Problem details: Please give back the listing exactly, without any of its pictures.

Supplied material:
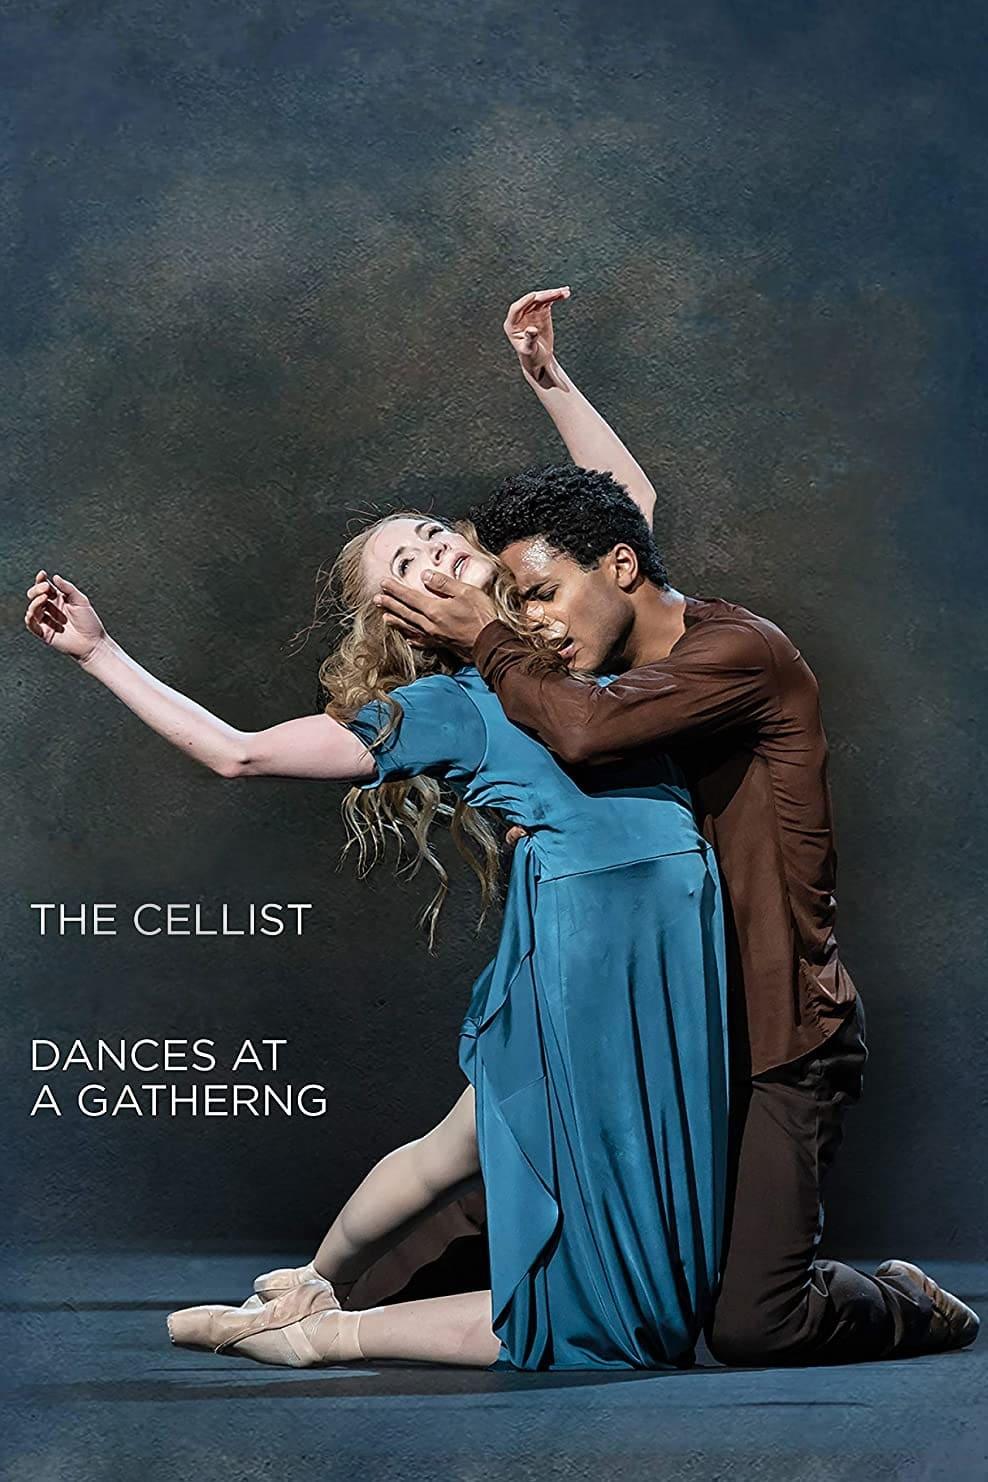 The Cellist / Dances at a Gathering (The Royal Ballet)
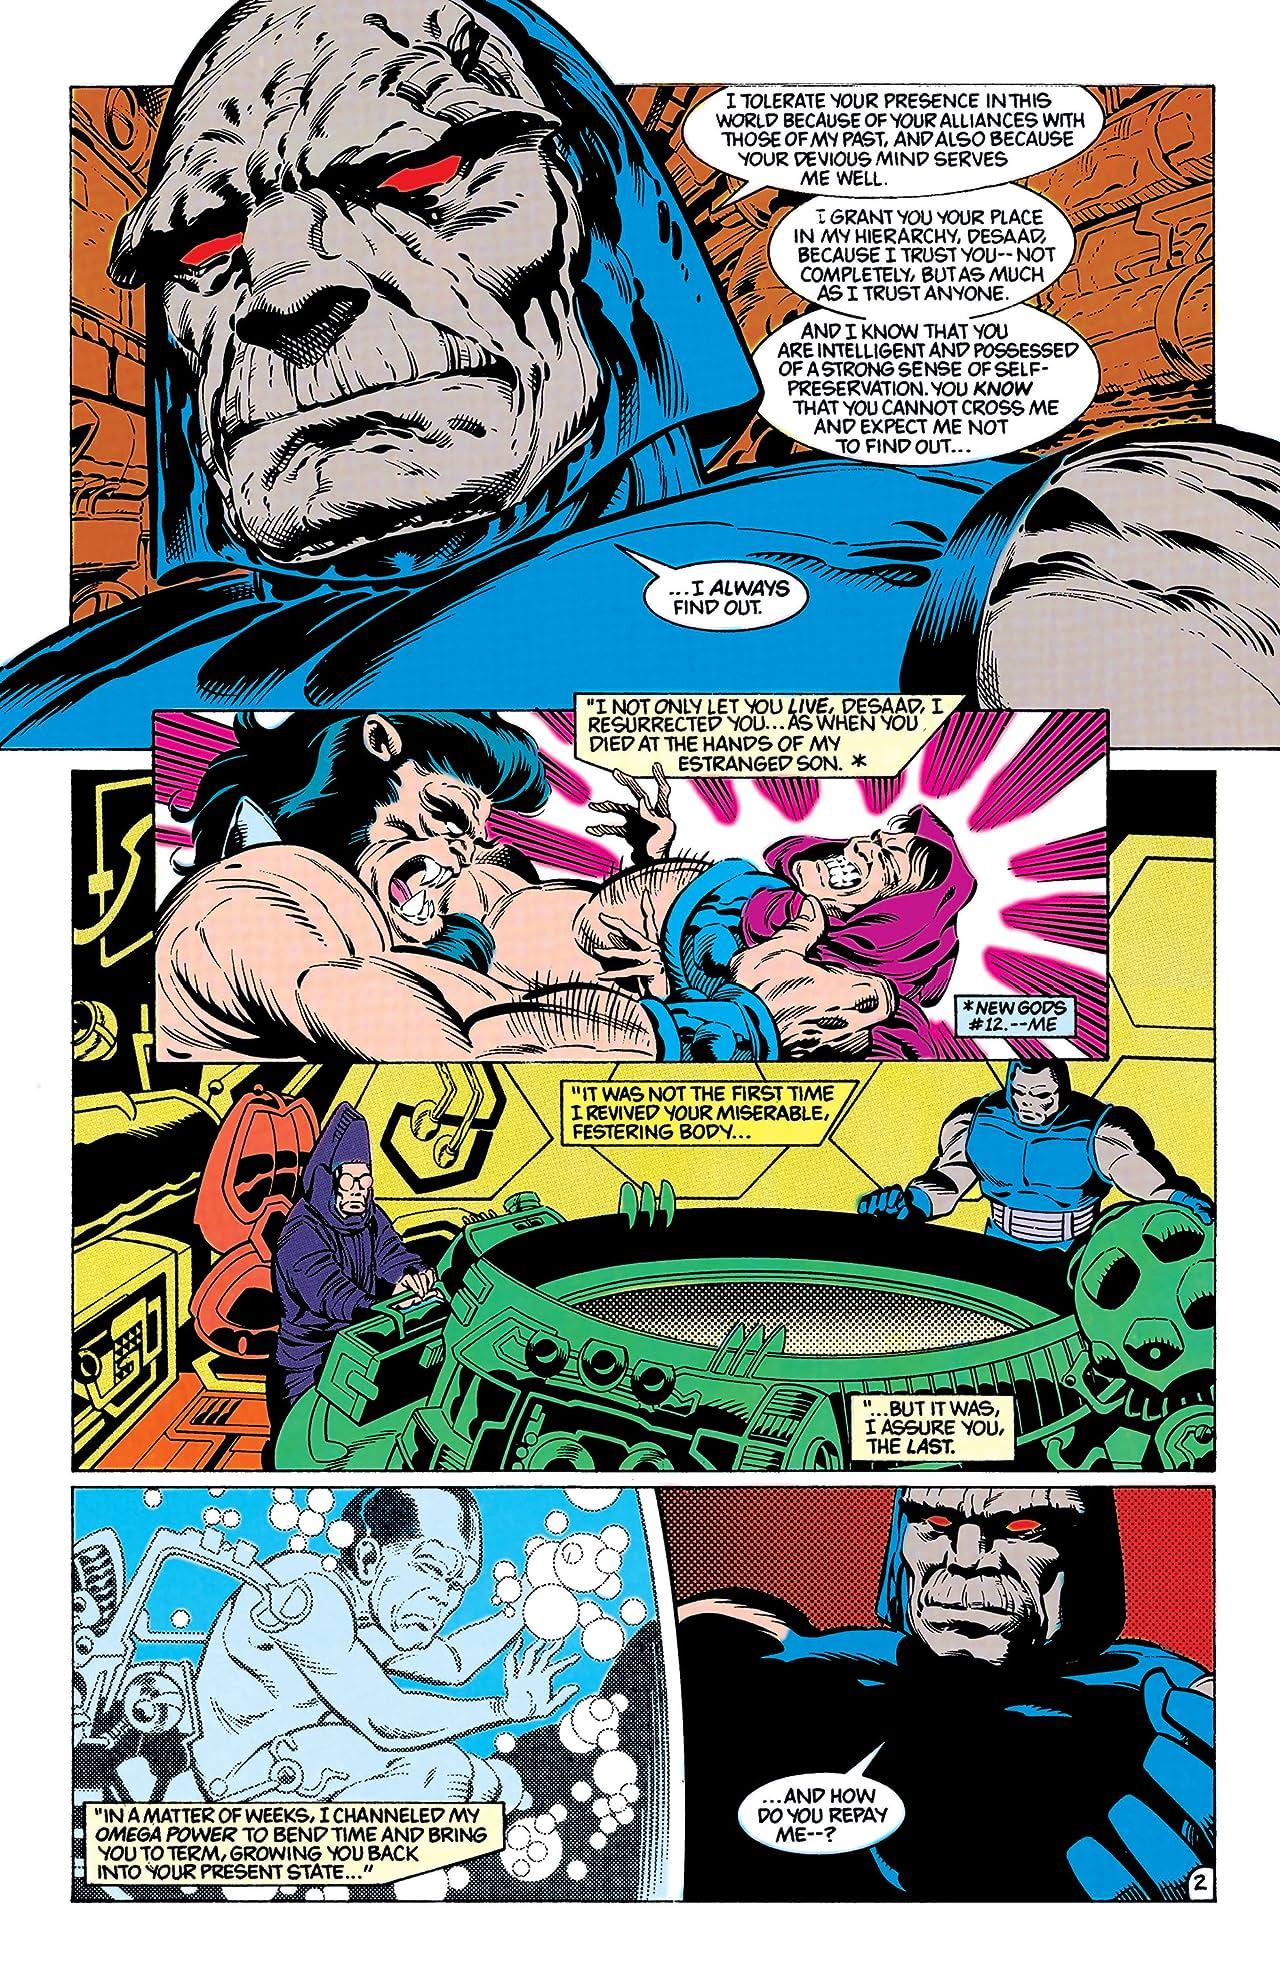 New Gods (1989-1991) #15
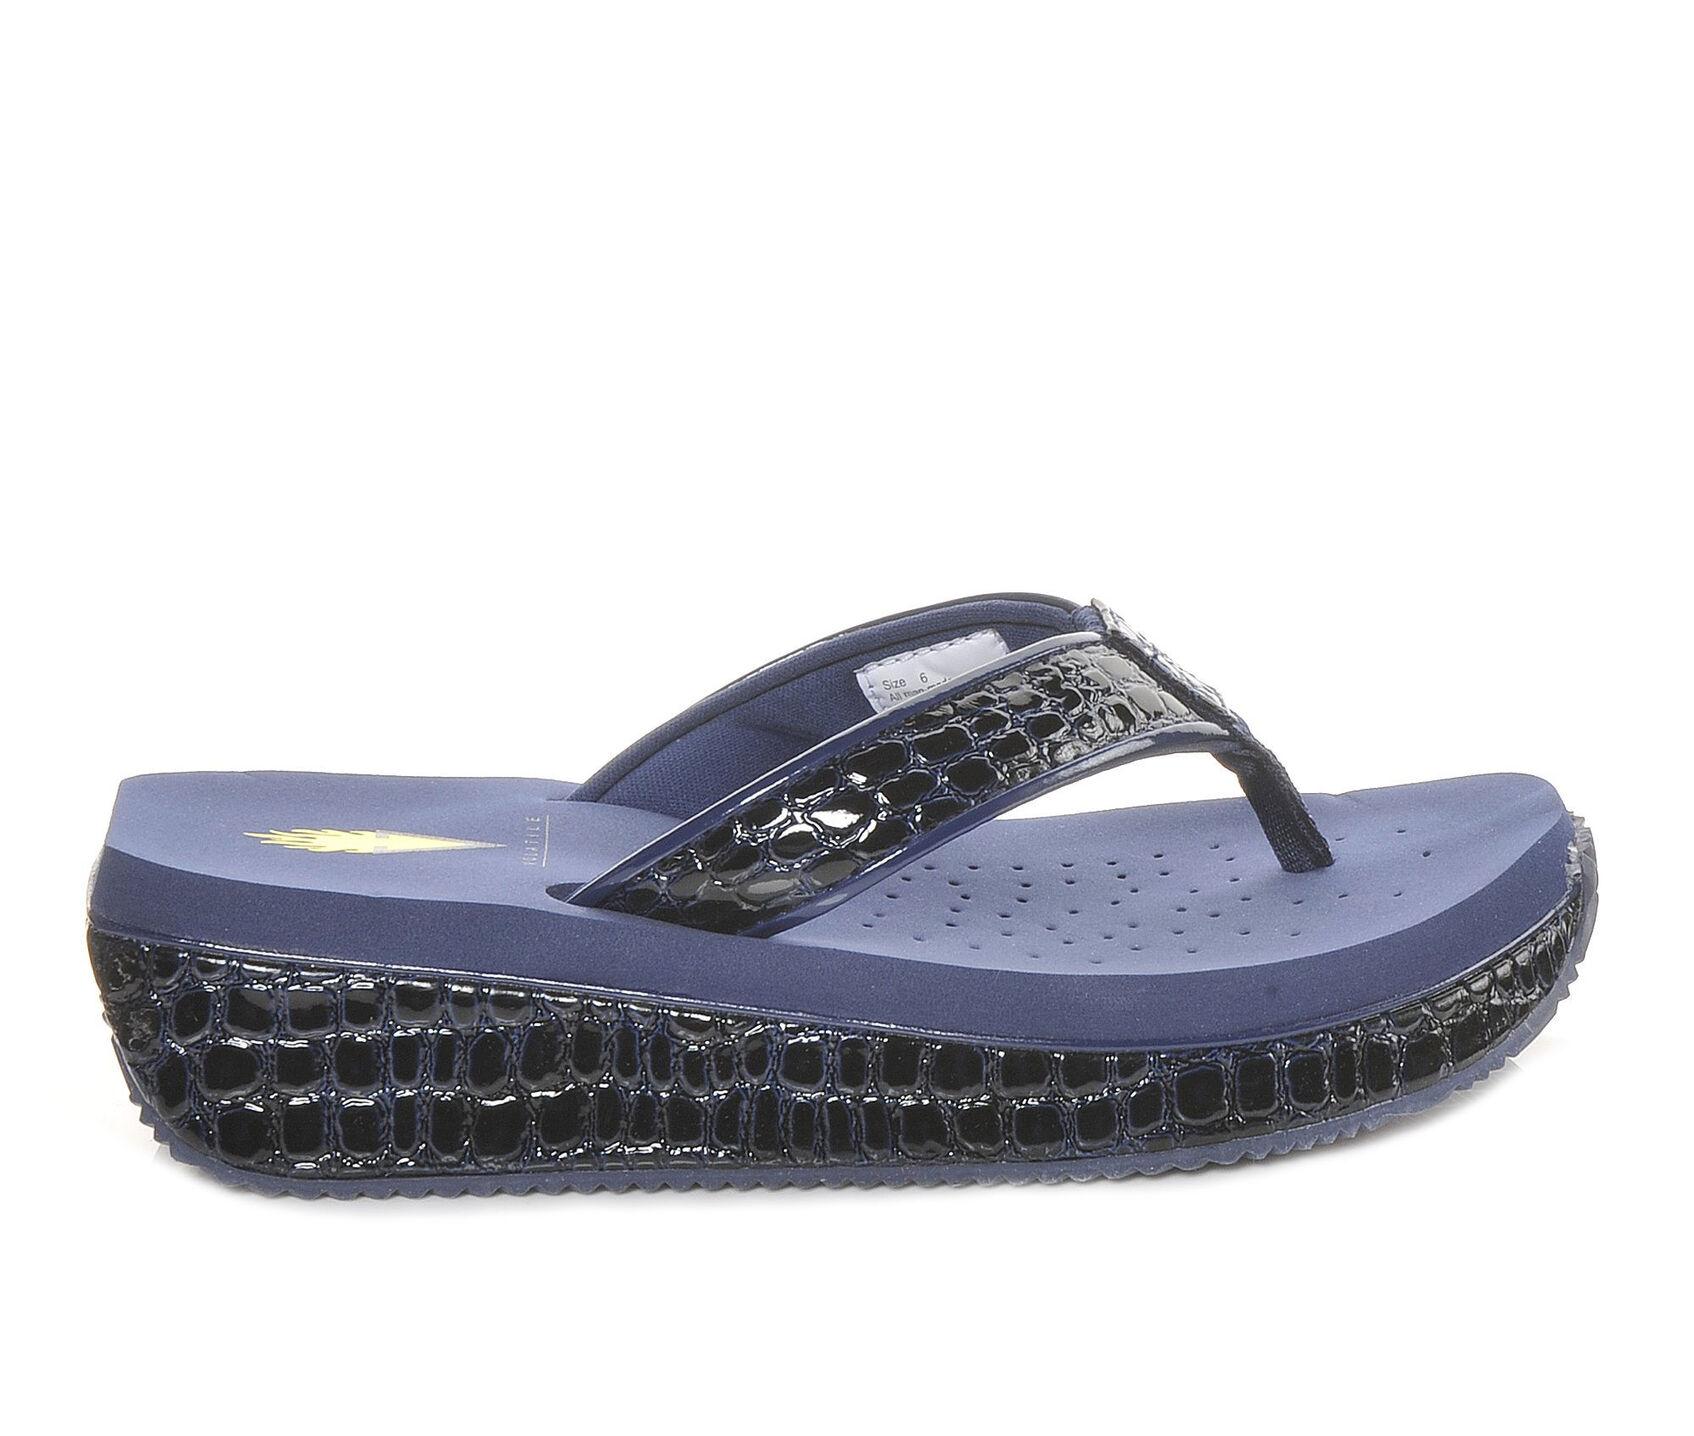 b5d02296b9 Women's Volatile Mini Croco Platform Flip-Flops   Shoe Carnival

Reply to the exercise:
 The Cellist / Dances at a Gathering (The Royal Ballet)
 New Gods (1989-1991) #15
 b5d02296b9 Women's Volatile Mini Croco Platform Flip-Flops   Shoe Carnival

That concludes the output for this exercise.